Data has been the catalyst to innovation for centuries. When Herman Hollerith, a former employee of the US Census Office, invented the first counting machine in 1896, [1] he was not only solving a massive resource challenge (in those days, it took the Census Office more than seven years to do their tabulations), he was launching an era of data-driven innovation.

A century and a quarter later, data remains at the very heart of innovation. Today, data systems are much more sophisticated than Hollerith’s basic counting machine. Modern day systems are driven by sophisticated technologies – like machine learning (ML) – designed to uncover new insights and value from data.

Most businesses around the world now recognize that data is the foundation for future competitive advantage. But there’s so much hype around data being the ‘new oil’ that business leaders often miss the nuances of managing data in a way that can actually create value from algorithms.

The adage ‘garbage in, garbage out’ is as true for basic analytics as it is for ML. As teams build ML products, it’s important they focus not only on the aptness of the algorithm, but also on the quality of the data throughout the development lifecycle. At Borealis AI, we often say that data must be a first-class citizen.

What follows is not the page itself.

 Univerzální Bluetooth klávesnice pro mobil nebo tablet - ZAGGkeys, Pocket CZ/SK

Understanding the limitations, requirements and complexities of dealing with data is critical for ML product managers, given the cost, time and resource requirements involved. 

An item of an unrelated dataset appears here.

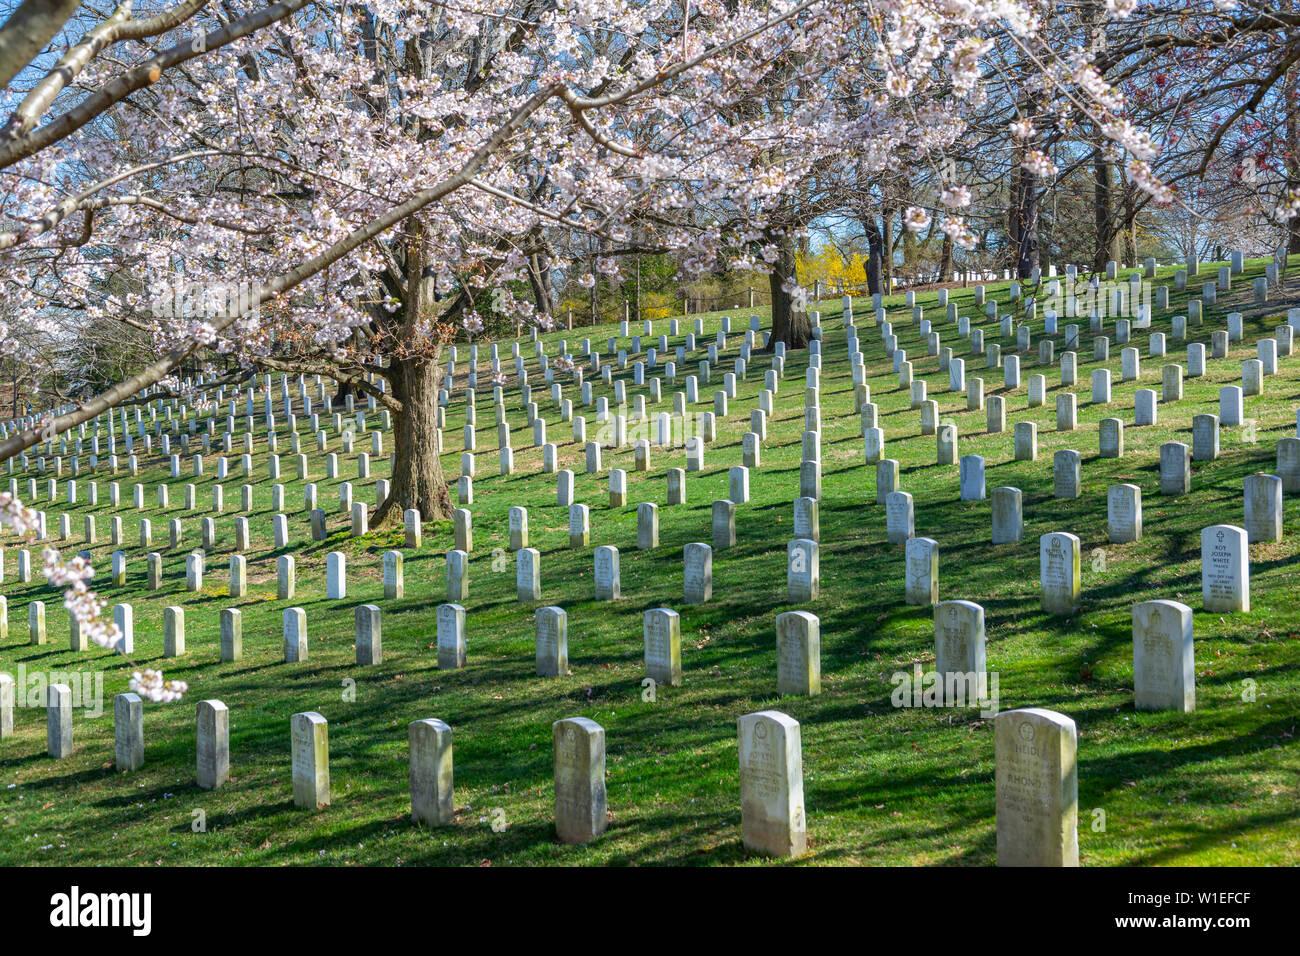 Avis de pierres tombales dans le Cimetière National d'Arlington au printemps, Washington D.C., Etats-Unis d'Amérique, Amérique du Nord Banque D'Images

In this article, we walk through each step of the typical ML project, (as outlined in this article by Sam Chow), to reflect on the nuances of managing data in the ML product lifecycle. We start by exploring the properties of real data and reviewing the more common data design patterns of data-driven systems.

Properties of real data

Real data is messy. It’s inconsistent. And it’s poorly organized. In large part, that is because most data is collected to serve a distinct application and not necessarily intended for future data-driven analytics uses. 

Consider, for example, how a simple concept such as counting ‘customer orders’ might result in different data across various company functions. For a sales department, the data would represent the number of contracts signed, regardless of whether or not the invoices have been paid. For an accounting function, the data would reflect the number of paid sales, whether or not the product has been shipped. Supply chain, on the other hand, is concerned with the number of customer orders delivered. A simple query therefore – something like number_of_orders_per_day – could result in a number of different data points, adding to the uncertain nature of ML systems.

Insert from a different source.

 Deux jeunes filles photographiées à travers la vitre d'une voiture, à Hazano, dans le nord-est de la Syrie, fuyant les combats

Part of the challenge is that ML algorithms are generally downstream consumers of real data. Data is typically stored for one purpose, and then reformatted for an ML algorithm. Even in applications designed to feed data to ML models, the data often has a transactional role beyond its potential use in ML models.

For example, Twitter stores tweets and social interaction in a format that makes it responsive and interesting to its users. But behind the scenes, the company then transforms this data to a format appropriate for their Who-To-Follow recommendation system. 

The process of converting data is known as the Extract-Transfer-Load (ETL) process. At its most basic, ETL is used to extract the right data from one (or more) system(s), transfer its format into something usable by another system, and then load it into that other system.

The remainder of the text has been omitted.